Добавить в цитаты Настройки чтения

Страница 8 из 91

Нат, очень довольный, громко рассмеялся, хлопнул себя по бедрам.

– И вы, наверное, думали, что отсюда выскочит людоед, затащит вас внутрь и съест.

– Но это оказалось правдой. Не успела я войти в дом, как стала вашей пленницей. Вашей горничной, вашей служанкой.

Она грациозно взмахнула рукой, опустила голову и сделала изящный глубокий реверанс. Волосы закрыли ее лицо, словно занавес.

– Ваши желания для меня закон, сир.

Ее высокий, пронзительный смех в сочетании с хриплым хохотом Ната звучал странной какофонией в ушах Хэма. Человеку, не знающему отца, его поведение показалось бы фривольным.

Девушка резко выпрямилась, откинула волосы с лица, словно занавески на окне, бросила озорной взгляд на Хэма.

– Молодой человек, принесите мне передник. Надо приниматься за работу.

Ответные слова вырвались у Хэма сами собой:

– Слушаю, мэм.

Они сидели за большим круглым кухонным столом, и пили кофе со сливками, которые Келли добыла из кувшинов с молоком.

– Жирные, как масло.

Она провела по краю кувшина указательным пальцем и облизала его маленьким розовым язычком.

– Вы похожи на кошку, – заметил Нат.

Она сощурила глаза так, что остались лишь узкие щелочки.

– Я бы хотела быть кошкой.

Нат взглянул на темнеющие окна.

– Пора зажигать лампы.

Она наблюдала за тем, как он подносит спичку к фитилю керосиновой лампы, висевшей на стене над столом.
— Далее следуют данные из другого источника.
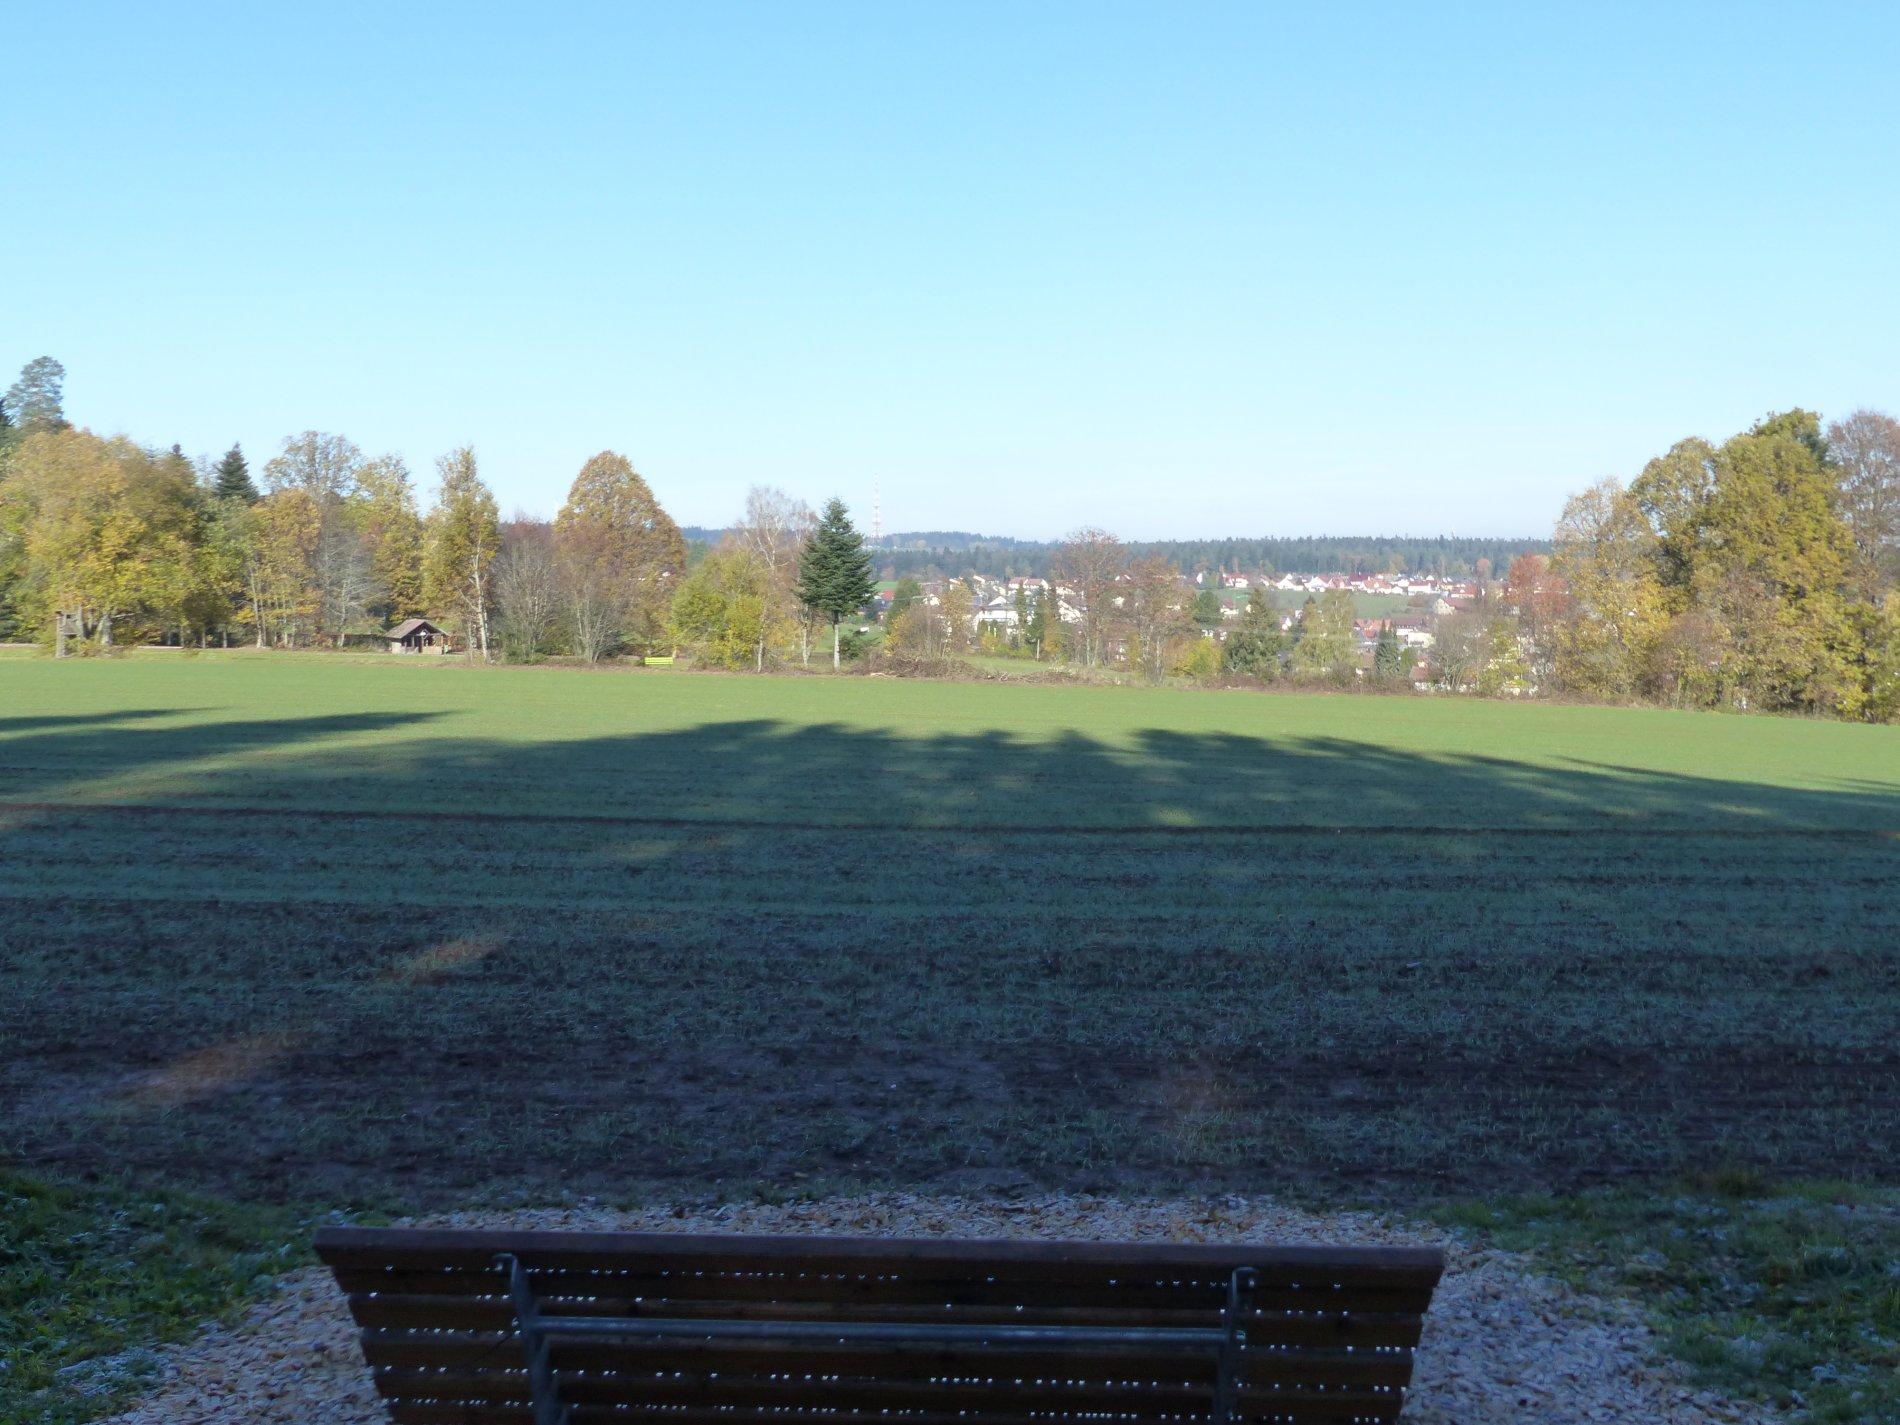 Himmelsliege am Weißtannenpfad Schömberg, steht vor einem Feld mit Ausblick zur Schillereiche, Heilklima
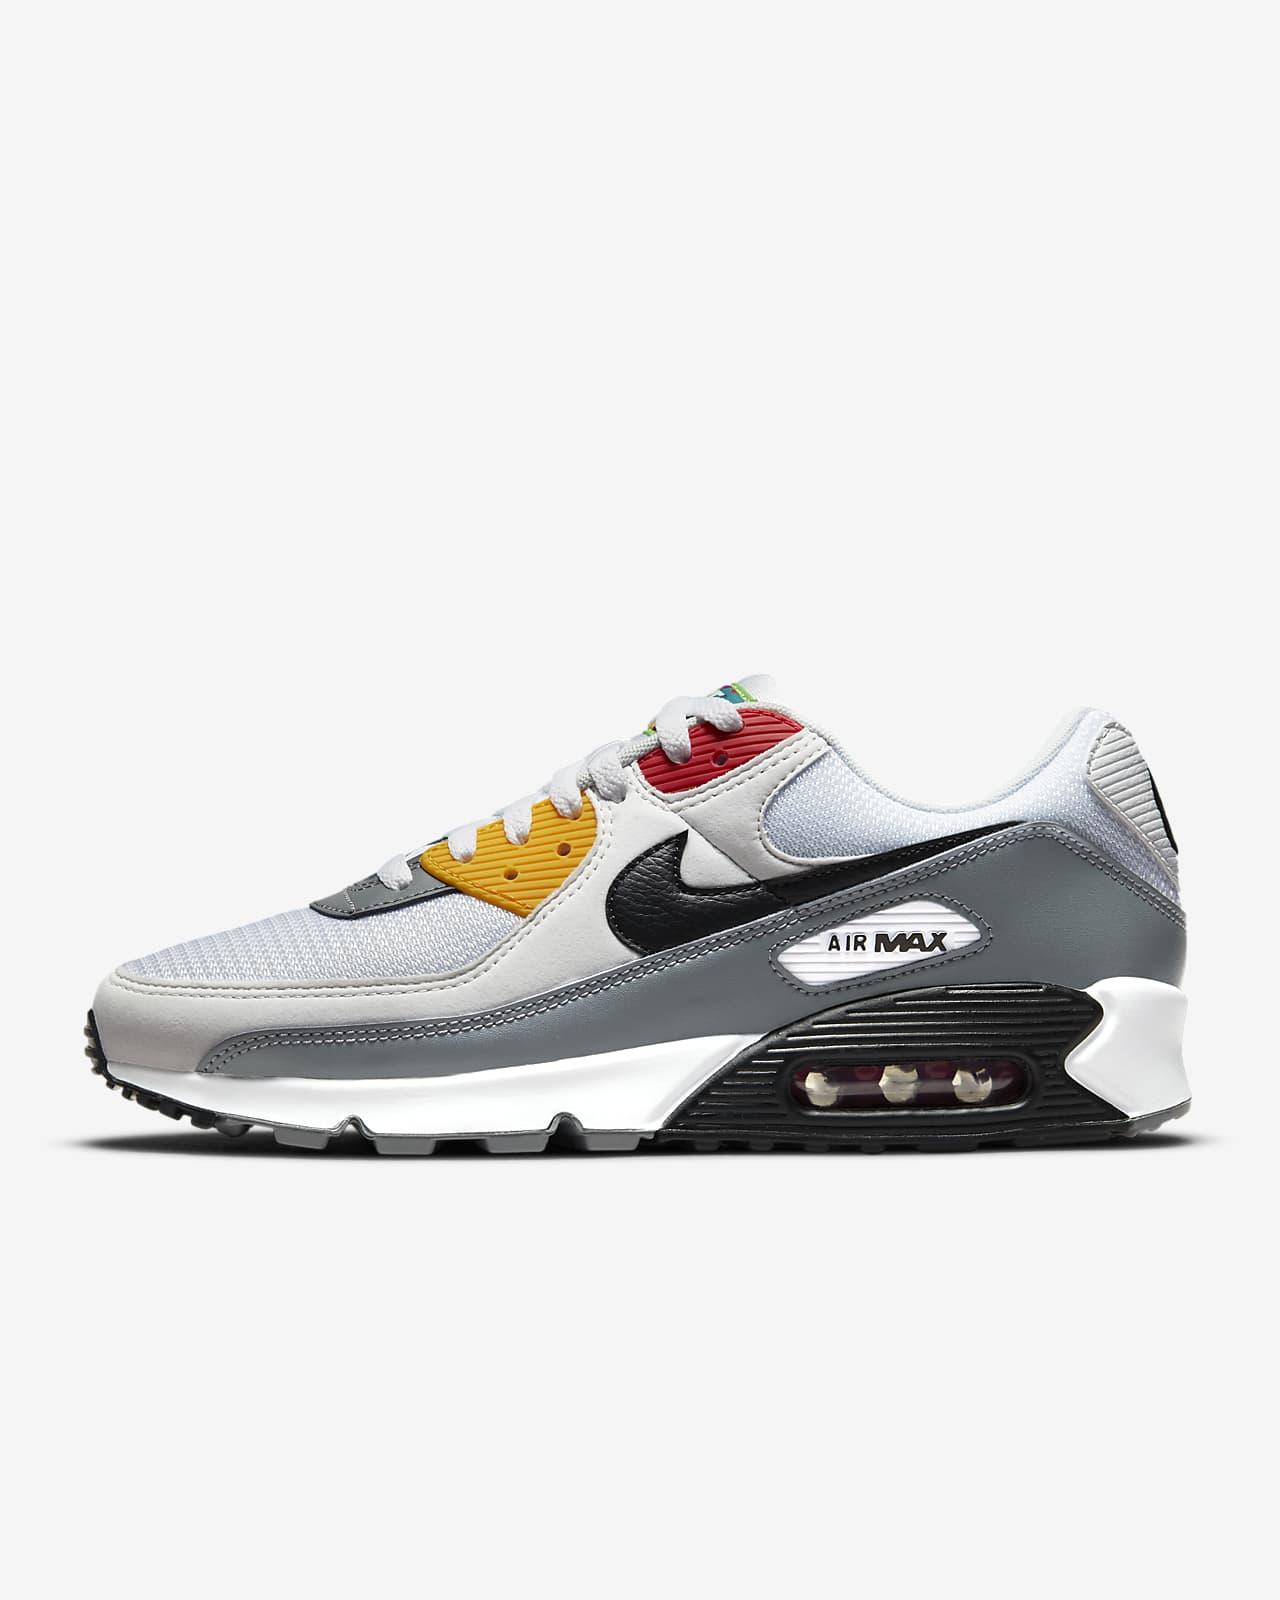 Nike Air Max 90 Premium Herrenschuh

– В Клинтоне почти во всех домах есть электричество.

Нат пожал плечами.

– Электрокомпания решила, что нет смысла проводить линию электропередач в Найтсвилл. Мы находимся в стороне от дороги. Но по мне так даже лучше. Мне нравится свет от керосиновой лампы.

Он повернулся вместе со своим стулом, осмотрел чисто прибранную кухню. Никелевые поверхности печи блестят и сверкают, раковина и доска для сушки посуды чистые и сухие, пол подметен.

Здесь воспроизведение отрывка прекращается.